Exon 2 genotyping assay confirmation of full-length sequencing results. Number of alleles identified by locus with both sets of primers, full-length primers only, and exon 2 primers only. DRA is omitted since it was not included in the exon 2 assay

In addition to the exon 2 primers detecting the majority of the full-length alleles at each locus, they also identified some additional alleles for the DRB, DPA, and DPB loci that were not recovered with the full-length primers. For the DRB locus, 11 additional putative alleles were detected with the exon 2 primers. Four of these putative alleles (Mane-DRB1*03:10, Mane-DRB1*04:nov:04, Mane-DRB1*07:nov:01, and Mane-DRB5*03:nov:02) formed previously undescribed DR region haplotypes with a pair of Mane-DRA*02 lineage alleles, bringing the total number of distinct DR haplotypes detected in this cohort to 36 (Fig. 1). Similarly, an additional putative DPA allele and three additional putative DPB alleles added three DP region haplotypes, bringing the total to 15 DP haplotypes in this cohort (Fig. 3). The identification of these additional putative alleles with the exon 2 assay suggests that some optimization of the full-length sequencing primers is also required, particularly for the DR and DP loci. It is assumed that for these loci, the alleles detected with the exon 2 assay alone are also present in the full-length cDNA template molecules, but the primers are not sufficiently matched to these specific alleles to allow for amplification. For the DQA and DQB loci, it appears that full-length primers amplified all alleles present in these 32 pig-tailed macaques, as there were no additional putative DQ alleles detected by the exon 2 assay alone. Primer design for both full-length sequencing and the exon 2 genotyping assay will improve as more alleles are identified in macaques in the future.

Implications for infectious disease research

In this survey of just 32 pig-tailed macaques, we identified a total of 128 unique full-length MHC-II alleles, including 44 extensions of previously identified exon 2 sequences and 73 alleles unmatched against the database of named alleles.

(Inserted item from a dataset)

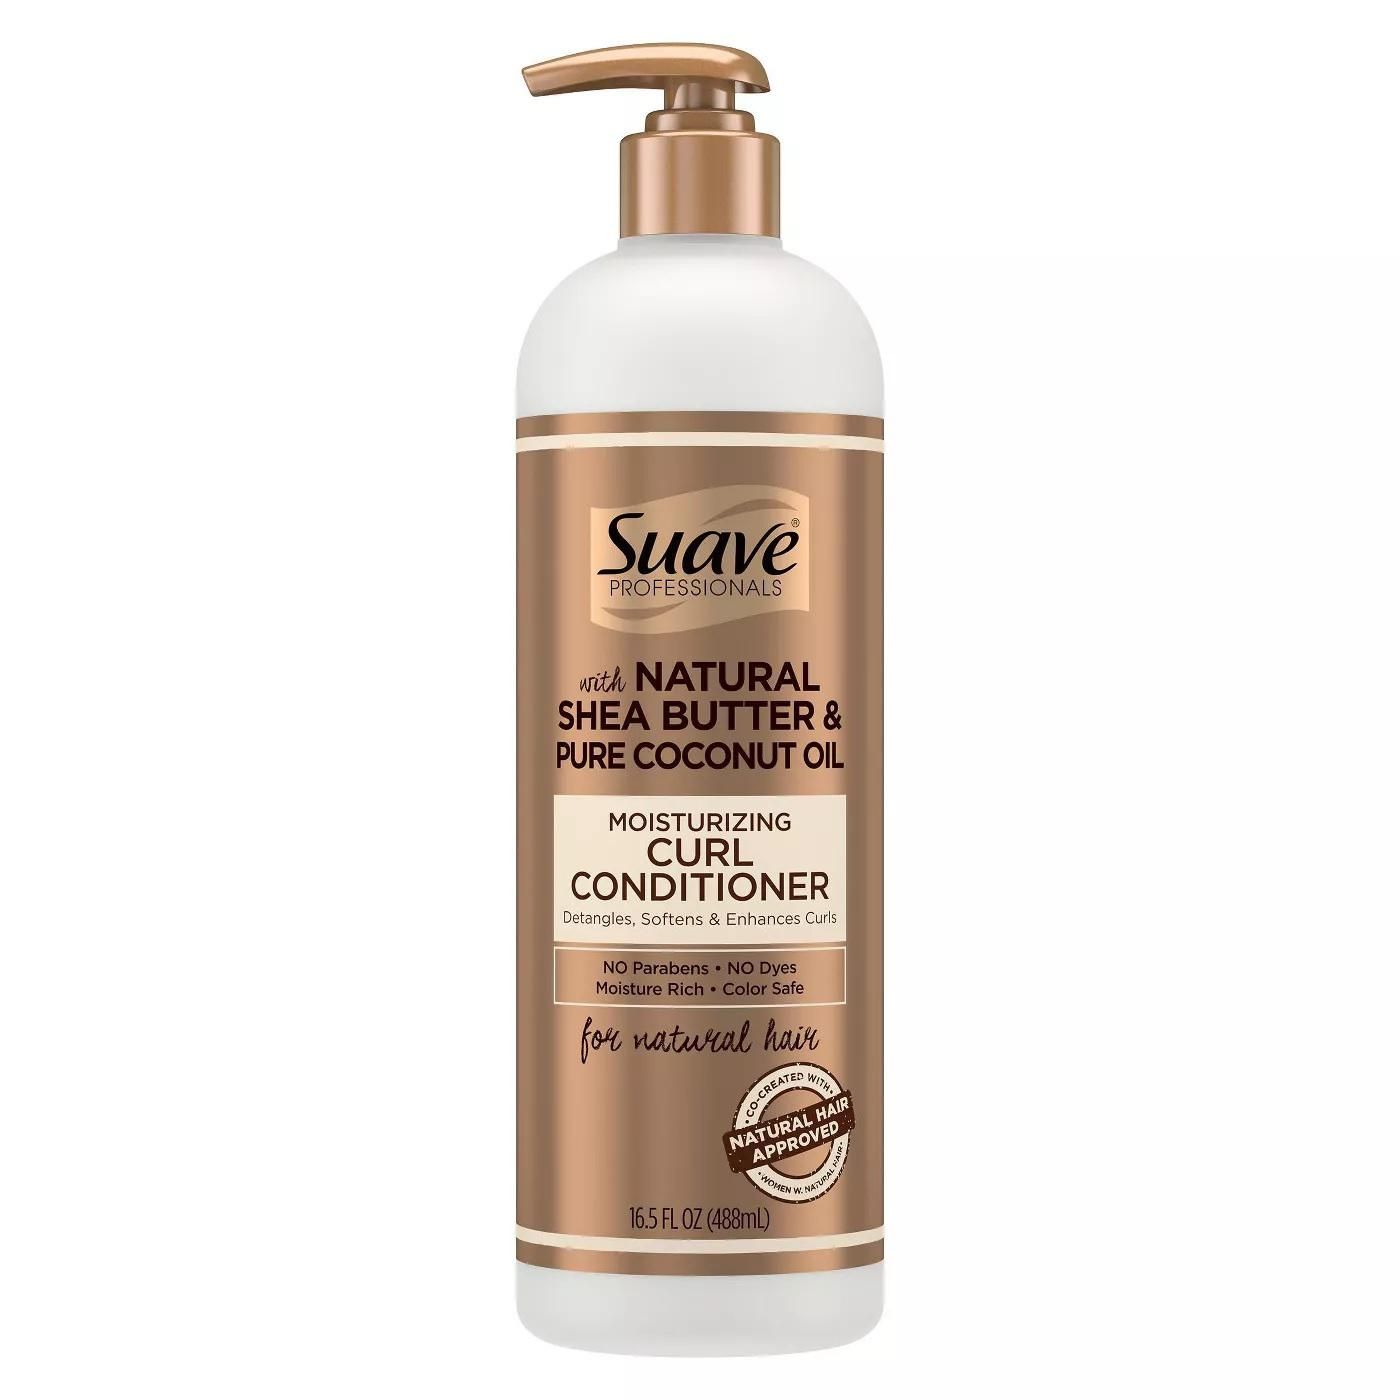 Natural Shea Butter & Pure Coconut Oil Moisturizing Curl Conditioner

This increases the full-length MHC-II database for pig-tailed macaque alleles from 16 to 133 sequences, representing a more than eightfold increase in characterized full-length alleles. These sequences make it more feasible to create reagents like MHC/peptide tetramers and define peptide binding motifs for common MHC-II pig-tailed macaque alleles. However, which MHC-II alleles are commonly shared in this population remains to be determined.

The development of the exon 2 Fluidigm genotyping assay is an important tool for researchers using pig-tailed macaques in infectious disease studies. With some primer optimization, this assay can be used to genotype large numbers of pig-tailed macaques to determine frequencies of MHC-II alleles across the DR, DQ, and DP regions in large cohorts. Those alleles found to be most common provide a starting block from which the role of MHC-II can be determined for infectious disease and vaccine studies as well as development of reagents like MHC/peptide tetramers to study the immunology surrounding MHC-II for a given disease model. Large-scale examination of allele frequencies in populations of pig-tailed macaques available for research can also help reduce MHC class II bias in study results by balancing animals with commonly expressed alleles between control and study groups.

There is recent paradigm-shifting evidence that MHC-II molecules may play an even greater role in immune response to pathogens than previously appreciated. It has been shown that SIV-expressing rhesus cytomegalovirus vectors can elicit SIV-specific CD8+ T cell responses that recognize epitopes restricted by MHC class II molecules in Indian rhesus macaques (Hansen et al. 2013). This suggests a role for MHC-II molecules beyond presentation of peptides to CD4+ T cells. Therefore, a thorough understanding of the MHC-II complement of pig-tailed macaques as well as other nonhuman primates used as models for HIV and other infectious disease research is essential to fully understand immune response to vaccines and infections. The methods presented here can be applied to characterizing the MHC-II DR, DQ, and DP regions of rhesus and cynomolgus macaques as well as other nonhuman primates.